%%

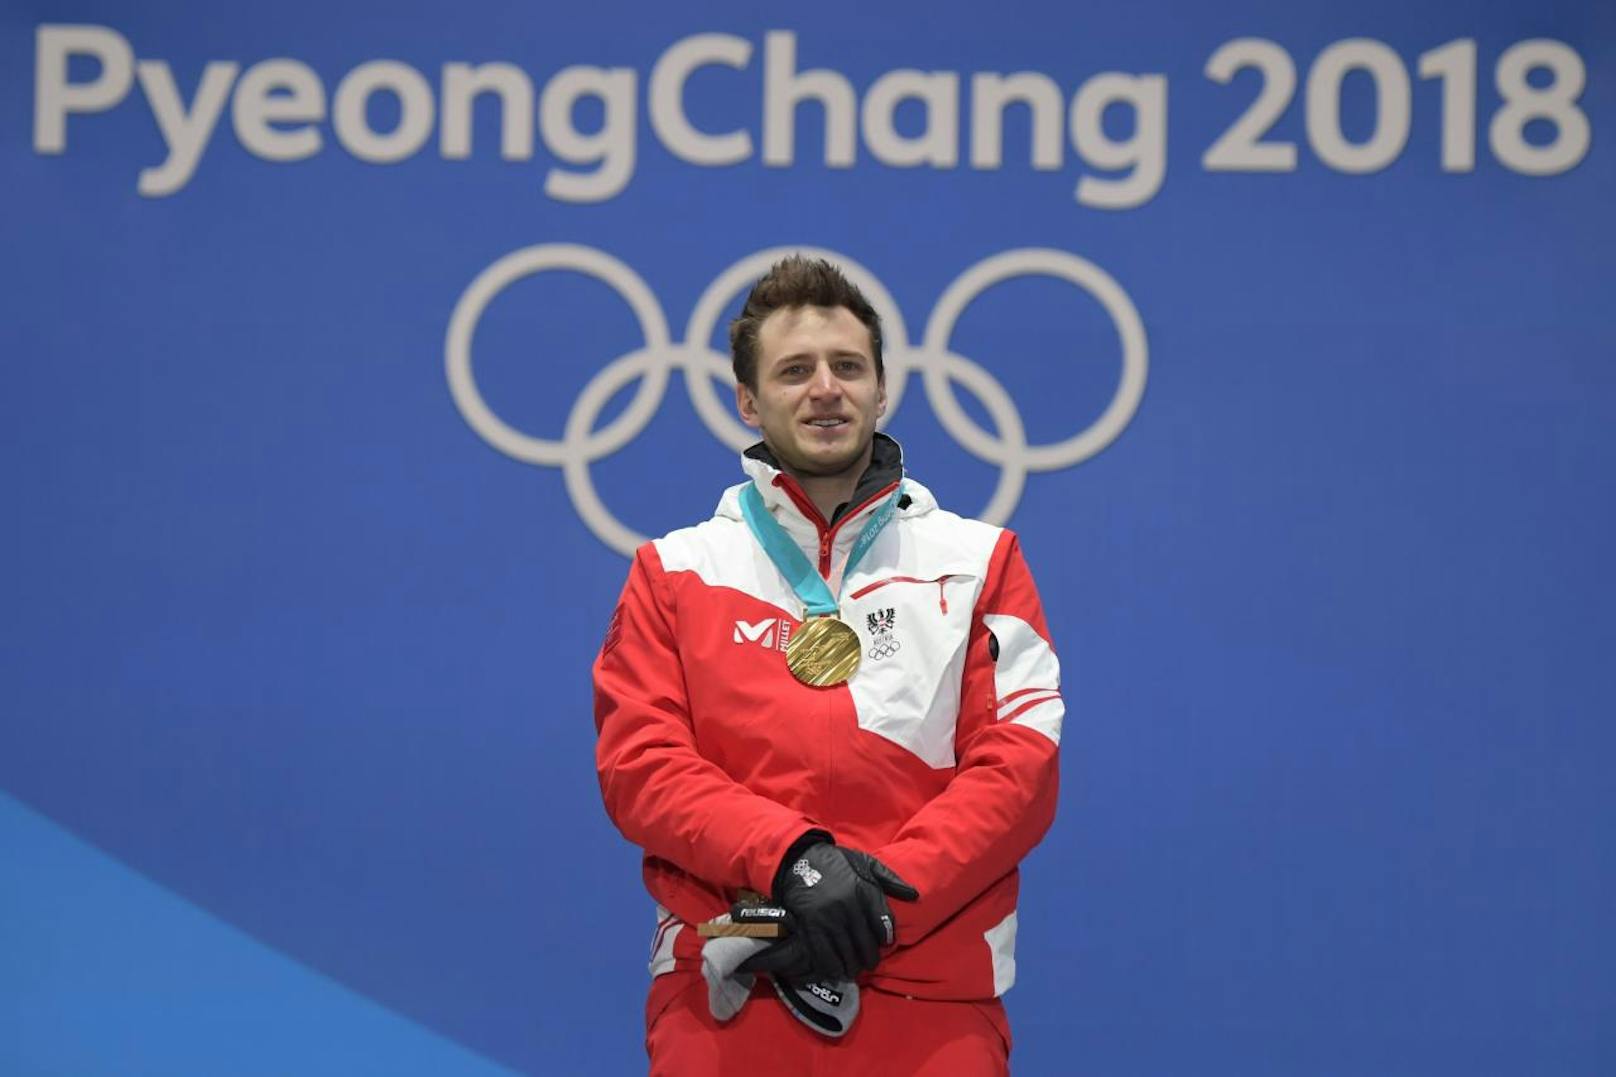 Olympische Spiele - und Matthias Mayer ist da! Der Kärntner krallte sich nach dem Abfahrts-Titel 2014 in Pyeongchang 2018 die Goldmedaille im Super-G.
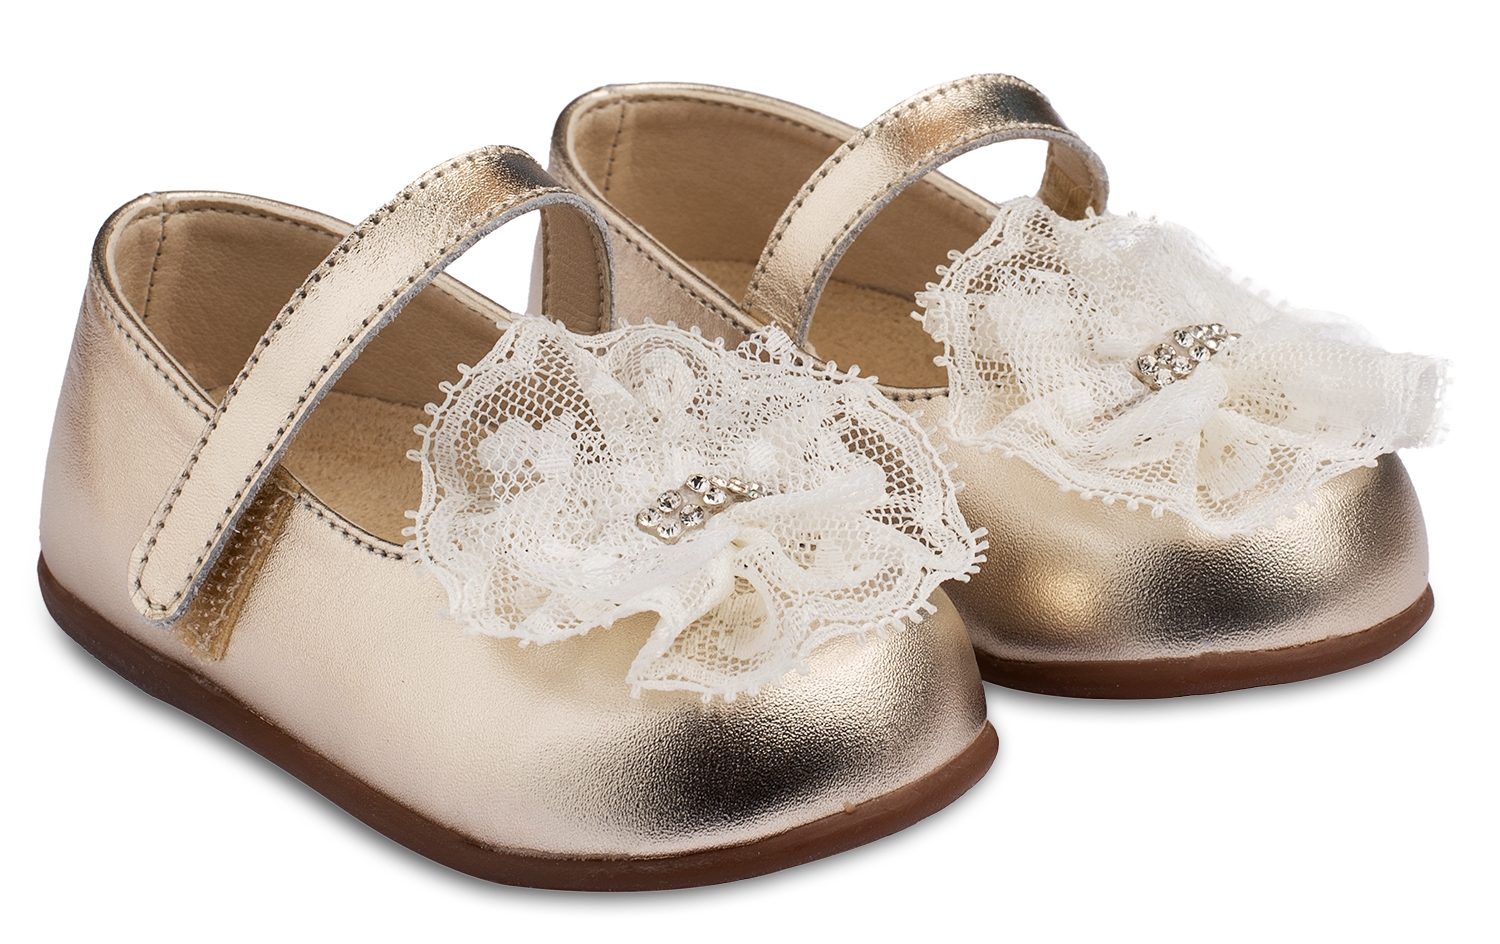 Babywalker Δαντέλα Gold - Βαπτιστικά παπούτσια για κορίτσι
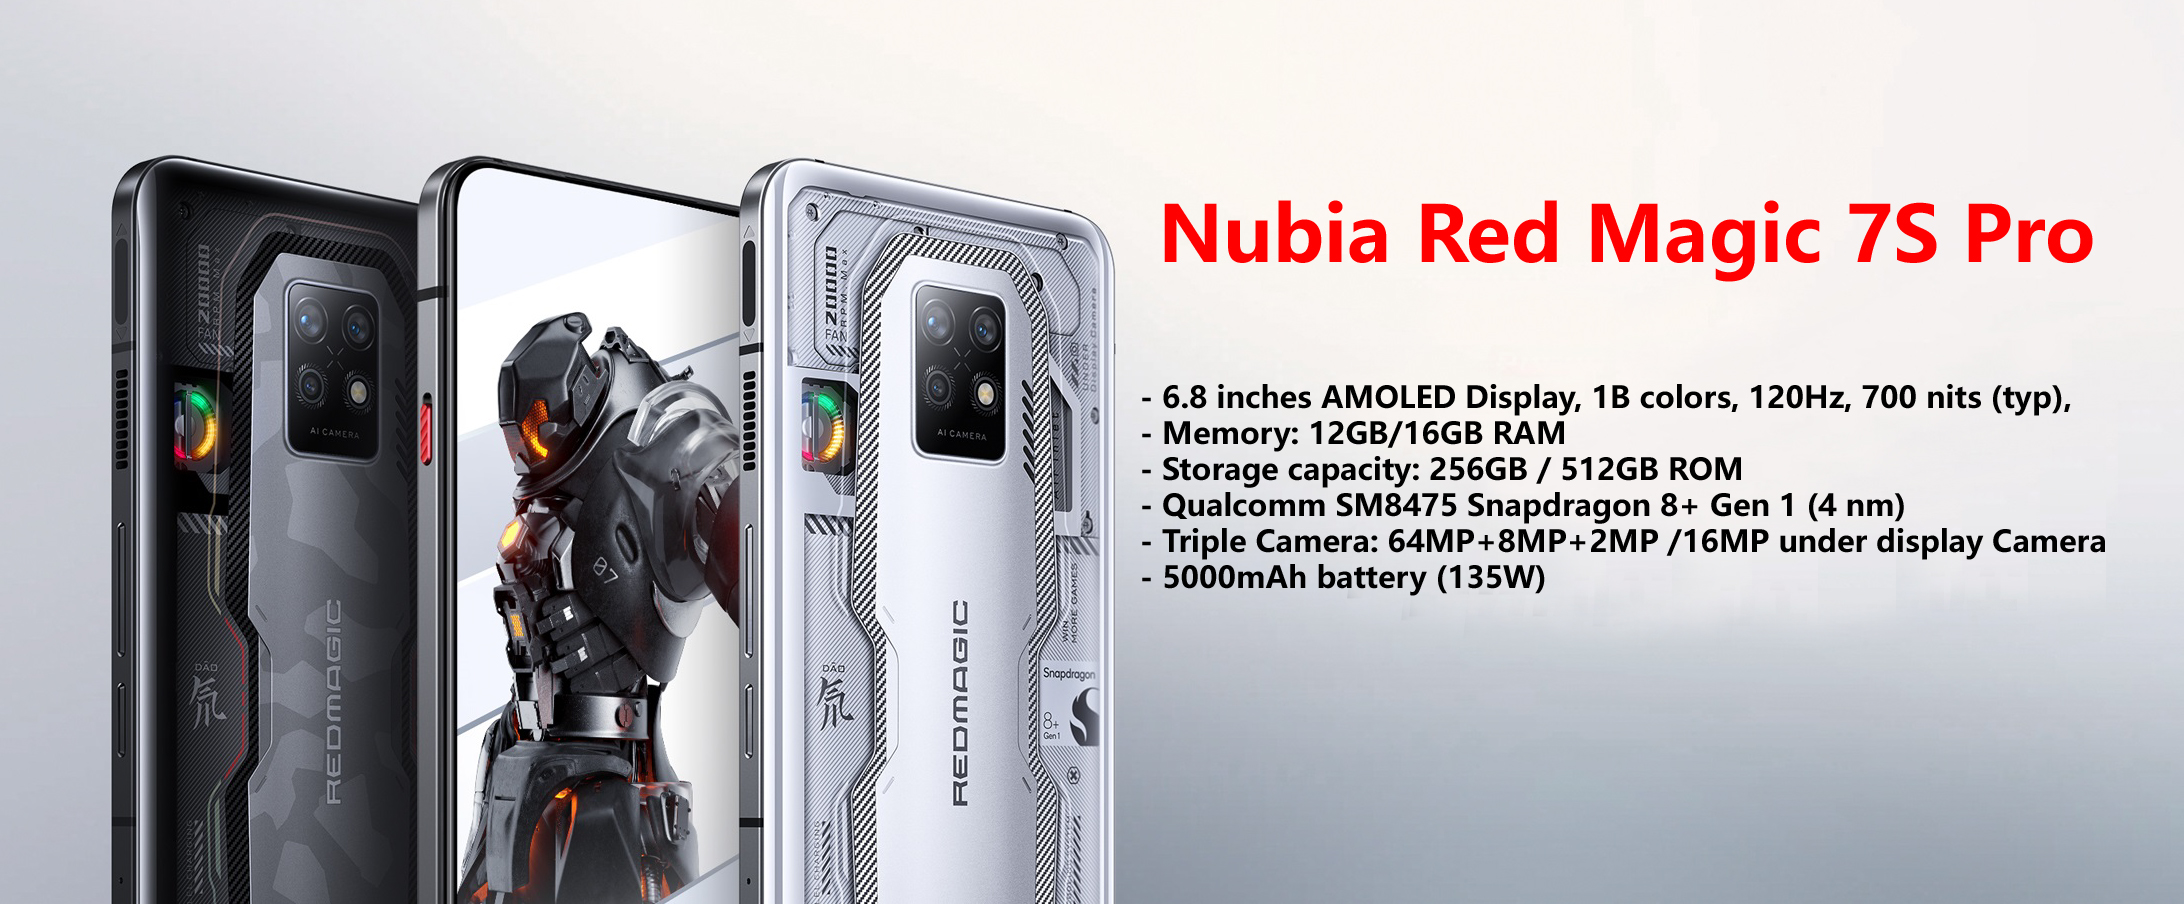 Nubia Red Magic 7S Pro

%%

_EXERCISE OBJECTIVE_
Skipping the images, write out the whole listing exactly.

_COMPLETED EXERCISE_
 Olympische Spiele - und Matthias Mayer ist da! Der Kärntner krallte sich nach dem Abfahrts-Titel 2014 in Pyeongchang 2018 die Goldmedaille im Super-G.
 Babywalker Δαντέλα Gold - Βαπτιστικά παπούτσια για κορίτσι
 Nubia Red Magic 7S Pro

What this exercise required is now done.